EXERCISE PROMPT:
Using the entries below, copy exactly each line from the line with "Mains d'analyste avec" up to and including the line with "Quadratischer antiker türkischer", with every picture left out.

MATERIAL PROVIDED:
Content starts

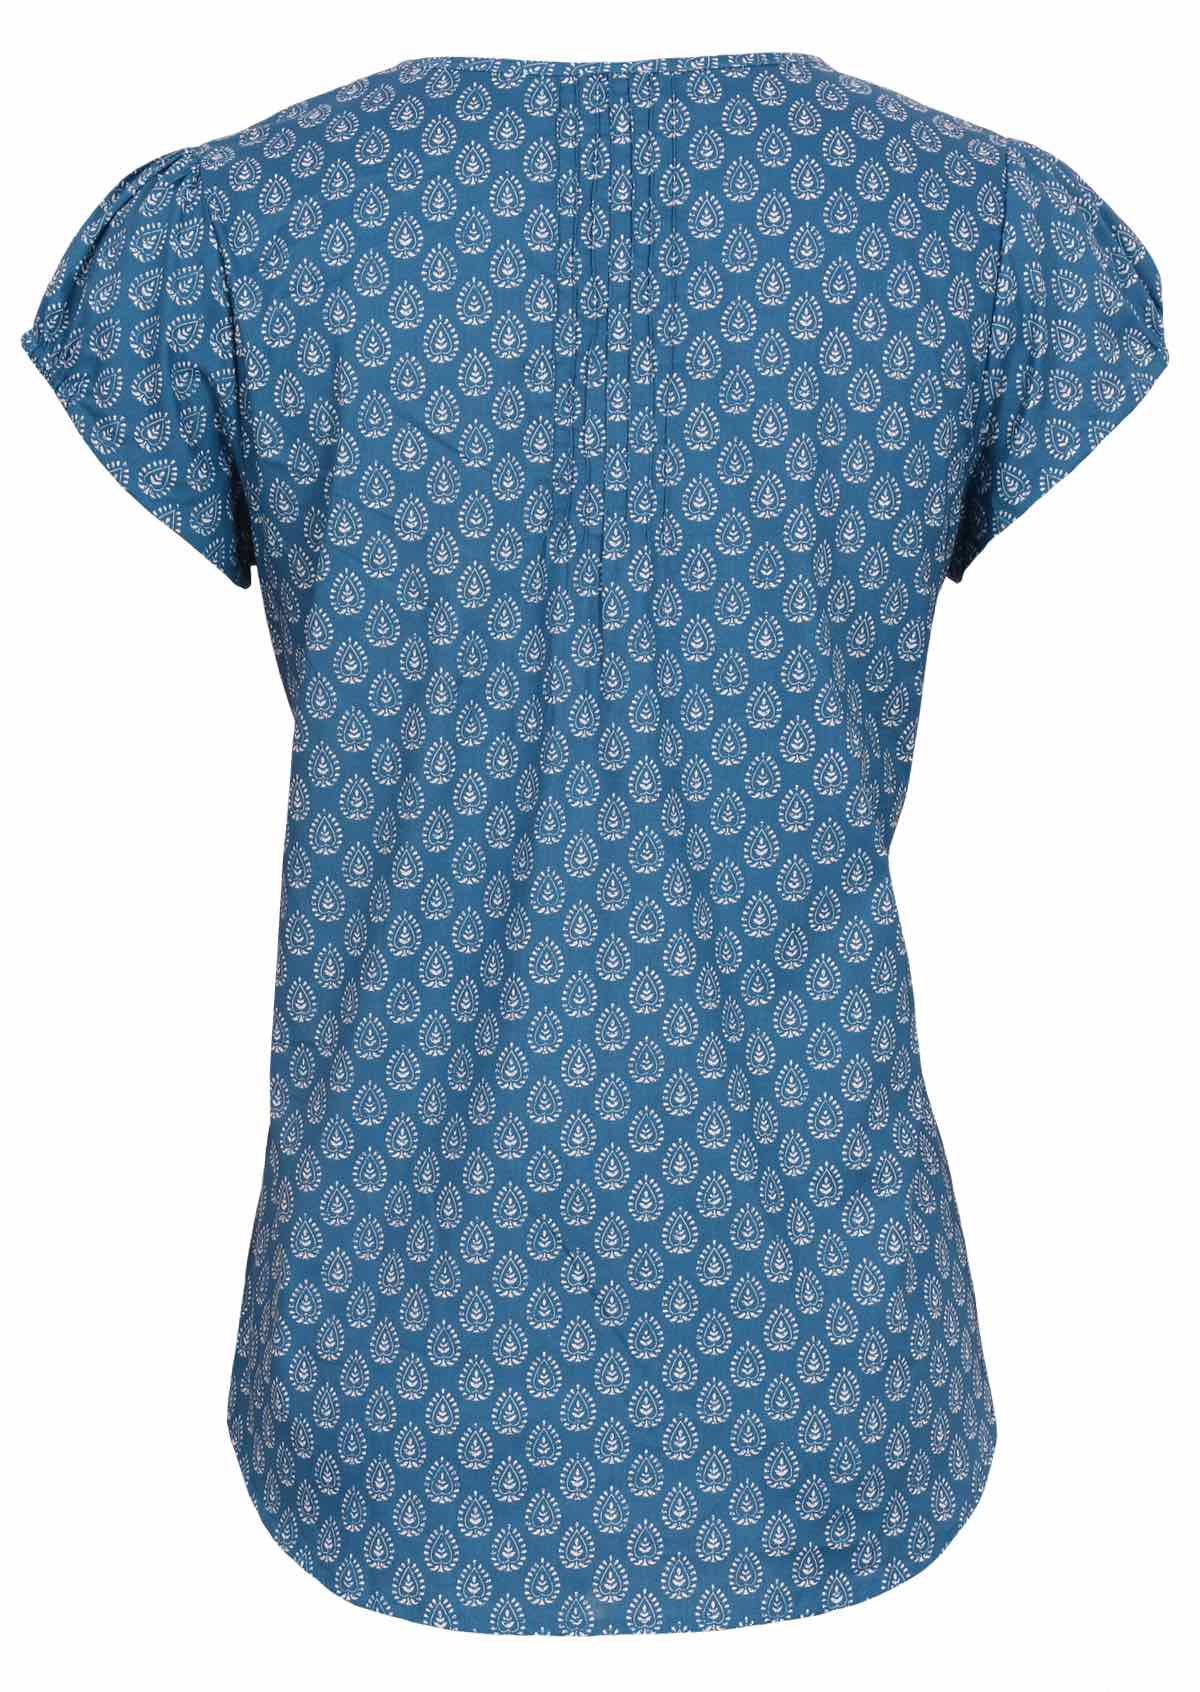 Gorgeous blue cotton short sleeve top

Content ends
Content starts

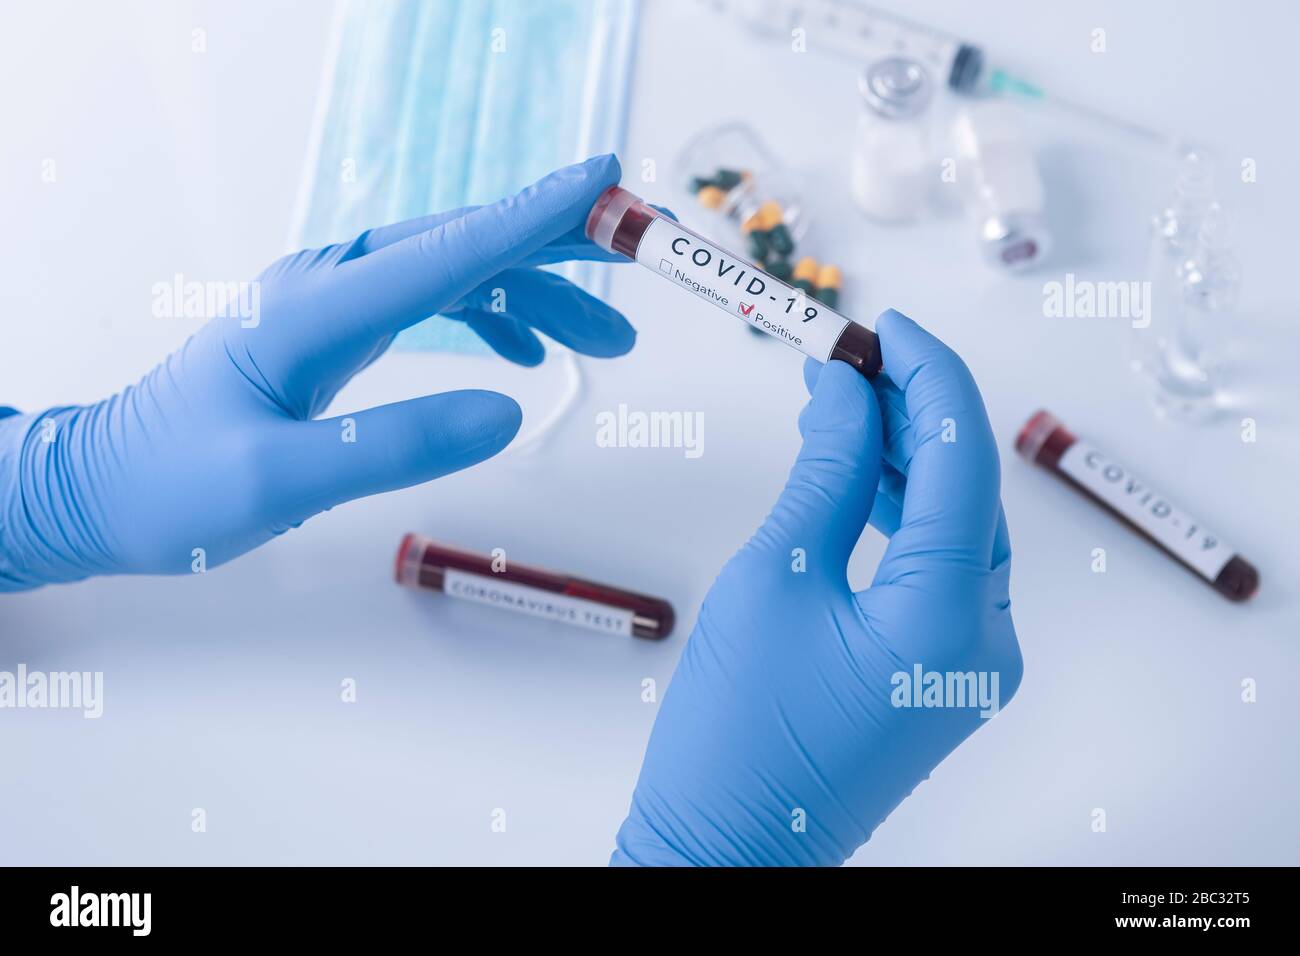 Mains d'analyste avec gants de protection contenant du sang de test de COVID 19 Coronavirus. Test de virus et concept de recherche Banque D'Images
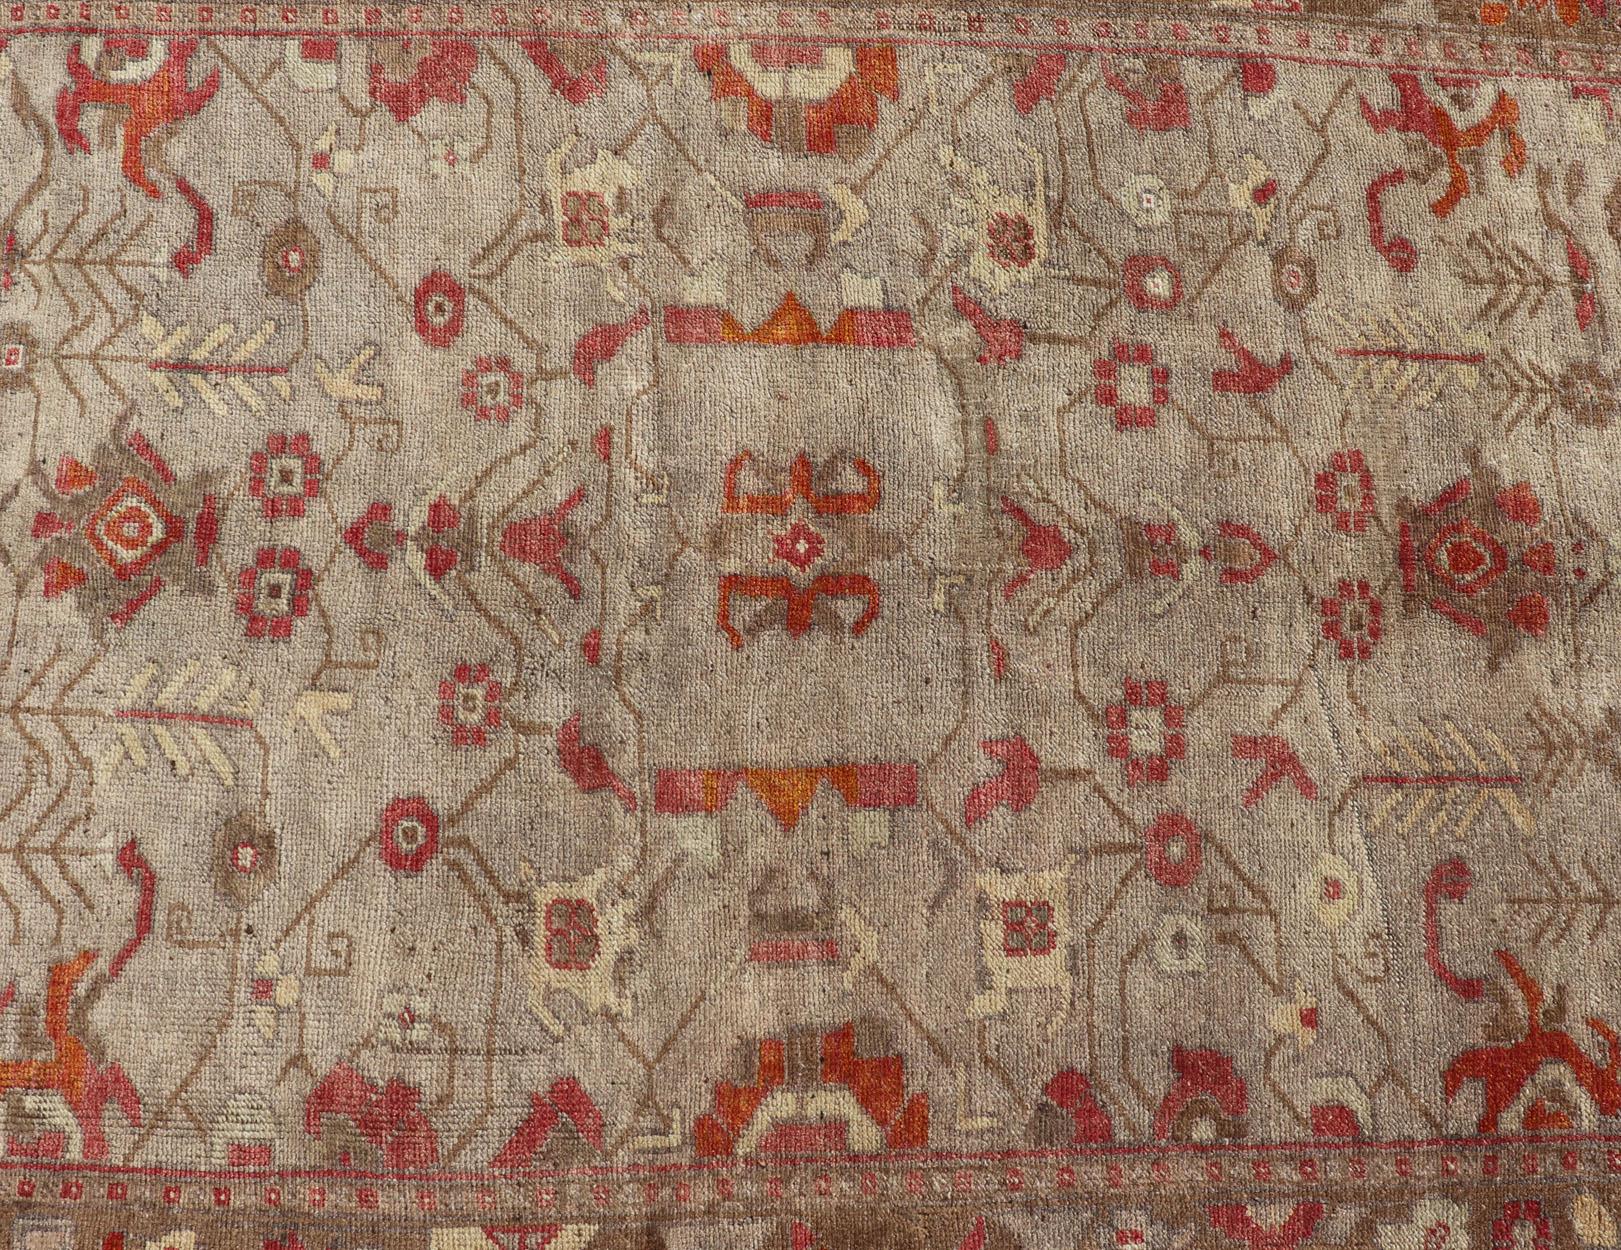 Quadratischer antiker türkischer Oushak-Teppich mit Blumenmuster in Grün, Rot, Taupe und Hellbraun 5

Content ends

THE ANSWER:
 Mains d'analyste avec gants de protection contenant du sang de test de COVID 19 Coronavirus. Test de virus et concept de recherche Banque D'Images
 Quadratischer antiker türkischer Oushak-Teppich mit Blumenmuster in Grün, Rot, Taupe und Hellbraun 5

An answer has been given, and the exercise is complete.